The maximum 32-bit limit of 128GB, supported by Windows Server 2003 Datacenter Edition, comes from the fact that structures the Memory Manager uses to track physical memory would consume too much of the system's virtual address space on larger systems. The Memory Manager keeps track of each page of memory in an array called the PFN database and, for performance, it maps the entire PFN database into virtual memory. Because it represents each page of memory with a 28-byte data structure, the PFN database on a 128GB system requires about 930MB. 32-bit Windows has a 4GB virtual address space defined by hardware that it splits by default between the currently executing user-mode process (e.g. Notepad) and the system. 980MB therefore consumes almost half the available 2GB of system virtual address space, leaving only 1GB for mapping the kernel, device drivers, system cache and other system data structures, making that a reasonable cut off:

That's also why the memory limits table lists lower limits for the same SKU's when booted with 4GB tuning (called 4GT and enabled with the Boot.ini's /3GB or /USERVA, and Bcdedit's /Set IncreaseUserVa boot options), because 4GT moves the split to give 3GB to user mode and leave only 1GB for the system. For improved performance, Windows Server 2008 reserves more for system address space by lowering its maximum 32-bit physical memory support to 64GB.

The Memory Manager could accommodate more memory by mapping pieces of the PFN database into the system address as needed, but that would add complexity and possibly reduce performance with the added overhead of map and unmap operations. It's only recently that systems have become large enough for that to be considered, but because the system address space is not a constraint for mapping the entire PFN database on 64-bit Windows, support for more memory is left to 64-bit Windows.

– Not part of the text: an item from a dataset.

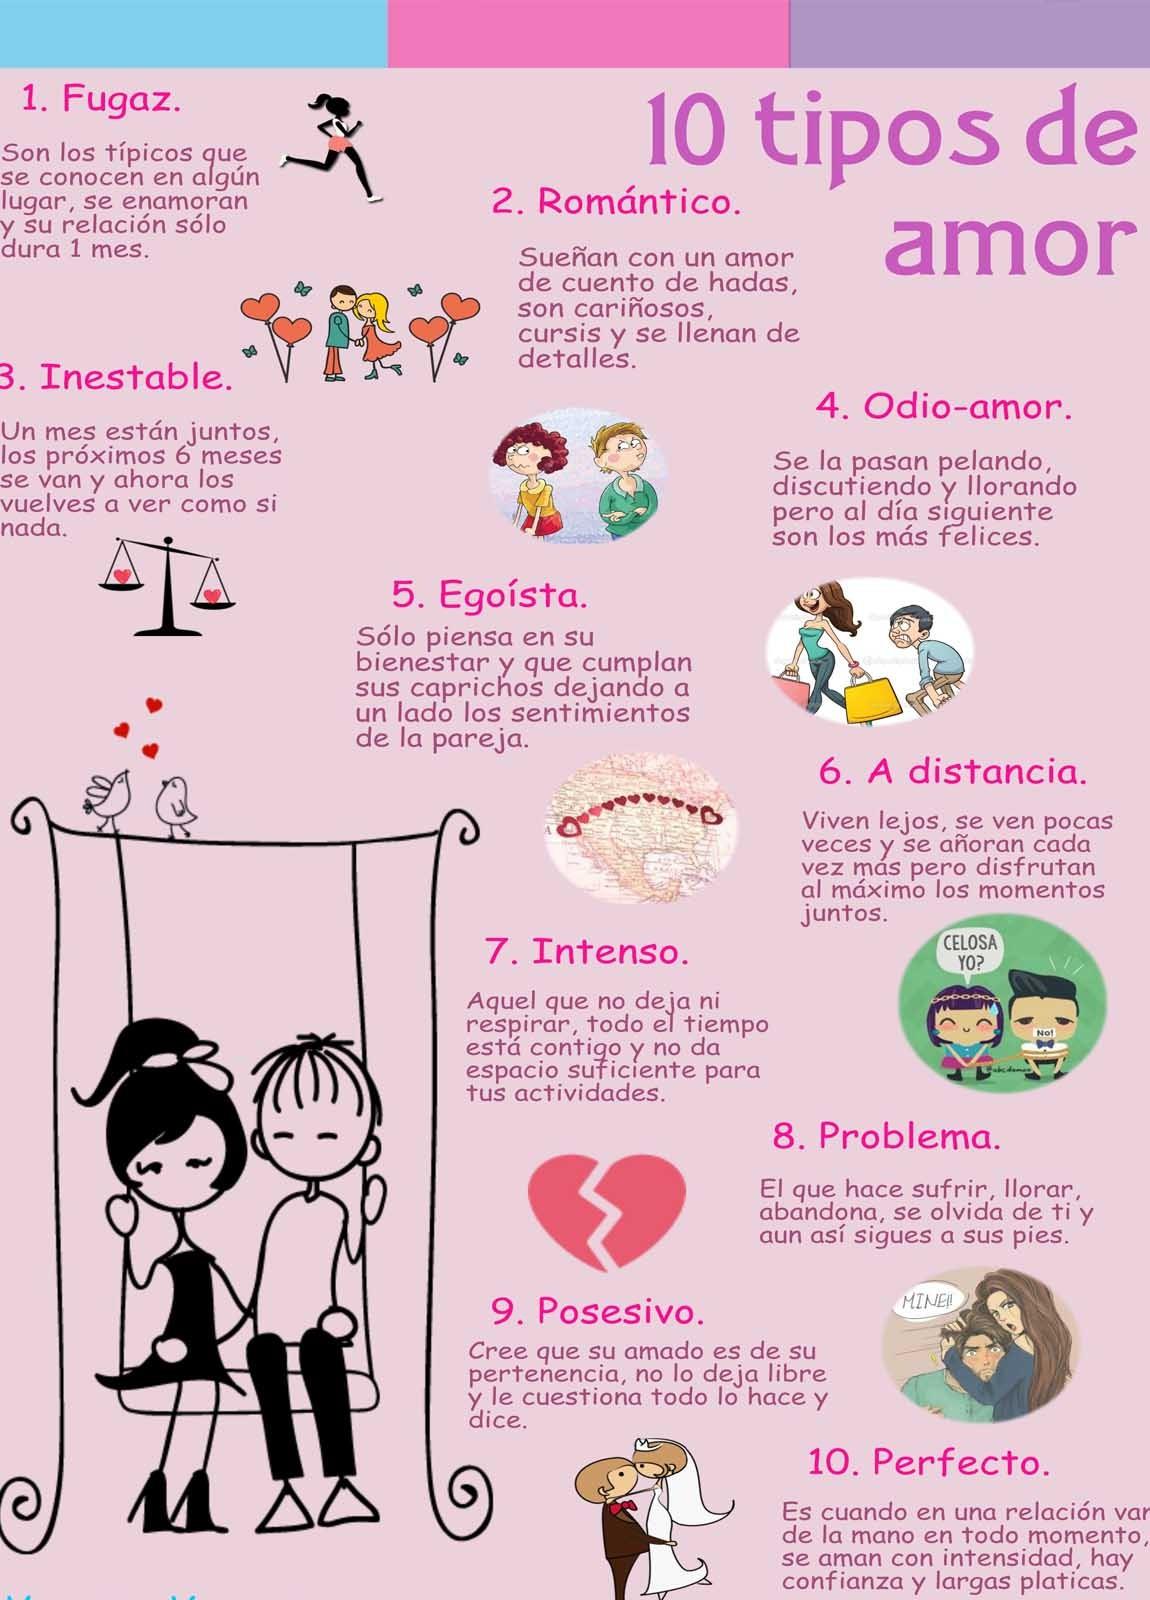 10 TIPOS DE AMOR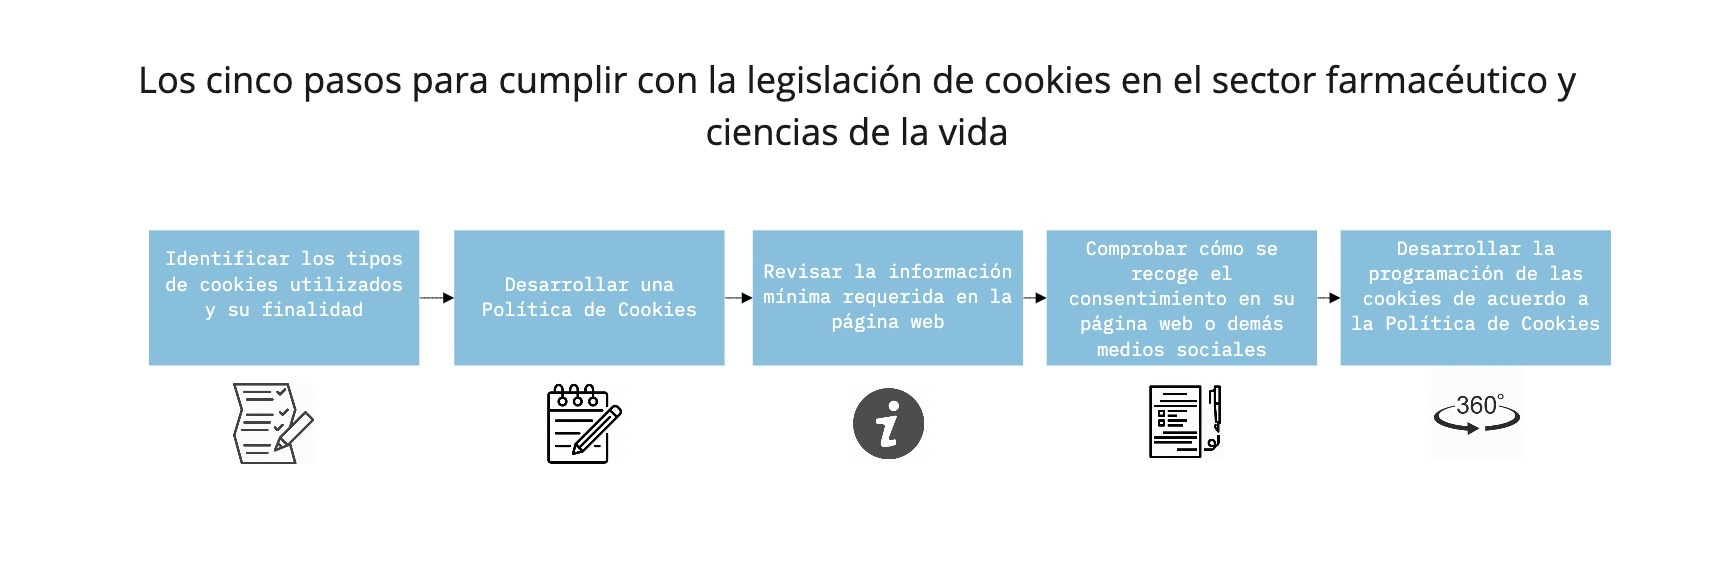 legislacion_cookies_sector_pharma

The maximum 2TB limit of 64-bit Windows Server 2008 Datacenter doesn't come from any implementation or hardware limitation, but Microsoft will only support configurations they can test. As of the release of Windows Server 2008, the largest system available anywhere was 2TB and so Windows caps its use of physical memory there.

Windows Client Memory Limits

64-bit Windows client SKUs support different amounts of memory as a SKU-differentiating feature, with the low end being 512MB for Windows XP Starter to 128GB for Vista Ultimate. All 32-bit Windows client SKUs, however, including Windows Vista, Windows XP and Windows 2000 Professional, support a maximum of 4GB of physical memory. 4GB is the highest physical address accessible with the standard x86 memory management mode. Originally, there was no need to even consider support for more than 4GB on clients because that amount of memory was rare, even on servers.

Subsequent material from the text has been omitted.